# Elicit Basics

This example will walk you through the basics of how to:
- Create an "Extractor", a controller which handles the extraction.
- Add required labelling functions and schemas to the extractor.
- Run the extraction process.
- Launch the user interface to begin annotating the extractions.

We will be using the existing Keyword Extractor labelling function as an example.

We begin by importing the requirements.

## Importing Requirements

In [1]:
# Import Extractor class and launch UI function.
from elicit import Extractor, launch_ui
# Import the Keyword Match Labelling Function.
from elicit.generic_labelling_functions import KeywordMatchLF, NLILabellingFunction
# Import Pathlib, for better path handling.
from pathlib import Path
# Import OS so we know where the notebook is!
import os

current_path = os.path.abspath('')

# get current directory
current_dir = Path(current_path)

docs = list((current_dir / "basic_example_docs").glob("*.txt"))

print("Current directory:", current_dir)
print("Documents:", [d.name for d in docs])

  from .autonotebook import tqdm as notebook_tqdm


Current directory: /home/dev/Turing/elicit/examples
Documents: ['doc_1.txt', 'doc_2.txt']


## Creating Extractor

Lets first create an Extractor object, pointing at the DB file we want to create.

In [2]:
# delete db if already exists (just for testing purposes)
#(current_dir / "test_db.sqlite").unlink(missing_ok=True)

extractor = Extractor(db_path=current_dir / "test_db.sqlite", model_path=current_dir / "models", device=0)

Connected to Extraction Database: /home/dev/Turing/elicit/examples/test_db.sqlite


## Registering Schemas

Next, we will add the required schemas.

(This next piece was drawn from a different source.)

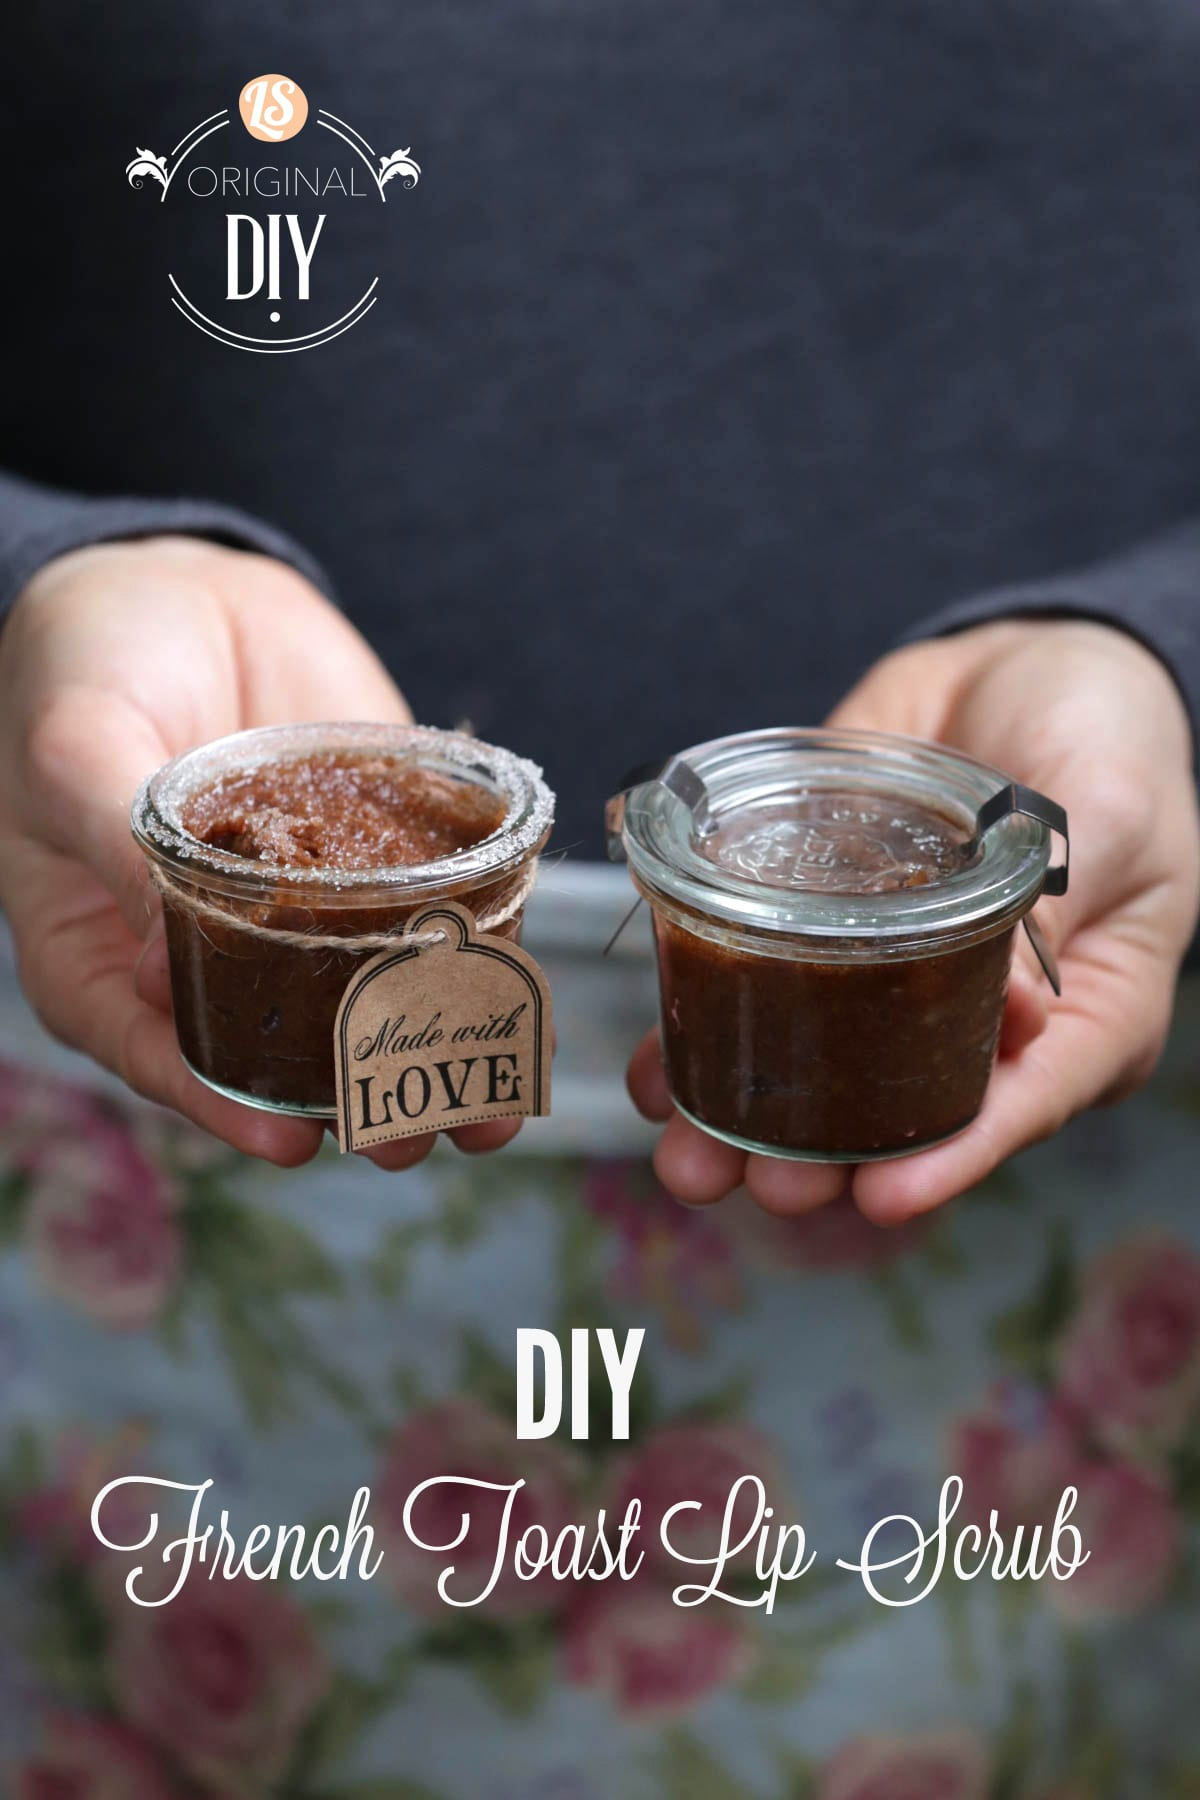 DIY French Toast Lip Scrub

These are the configuration files the labelling functions will use to extract the data.

In this case, we require:
- A categories schema
- A keywords schema

Categories is always required. It tells the system what categories each variable has, or whether it is numerical/raw. More details on this in the documentation.

Keywords are a dictionary of variable category to keyword list. Each category of a variable will have some user-defined set of keywords.

These schemas can either be a Path to a yaml file, or a dictionary.

In [3]:

categories = {"cat_or_dog": ["cat", "dog"]}
keywords = {"cat_or_dog": {"cat": ["meow", "hiss"], "dog": ["woof", "bark"]}}
questions = {"cat_or_dog": ["Is this a cat?", "Is this a dog?"]}

extractor.register_schema(schema=categories,
                            schema_name="categories")
extractor.register_schema(schema=keywords,
                            schema_name="keywords")#
extractor.register_schema(schema=questions,
                            schema_name="questions")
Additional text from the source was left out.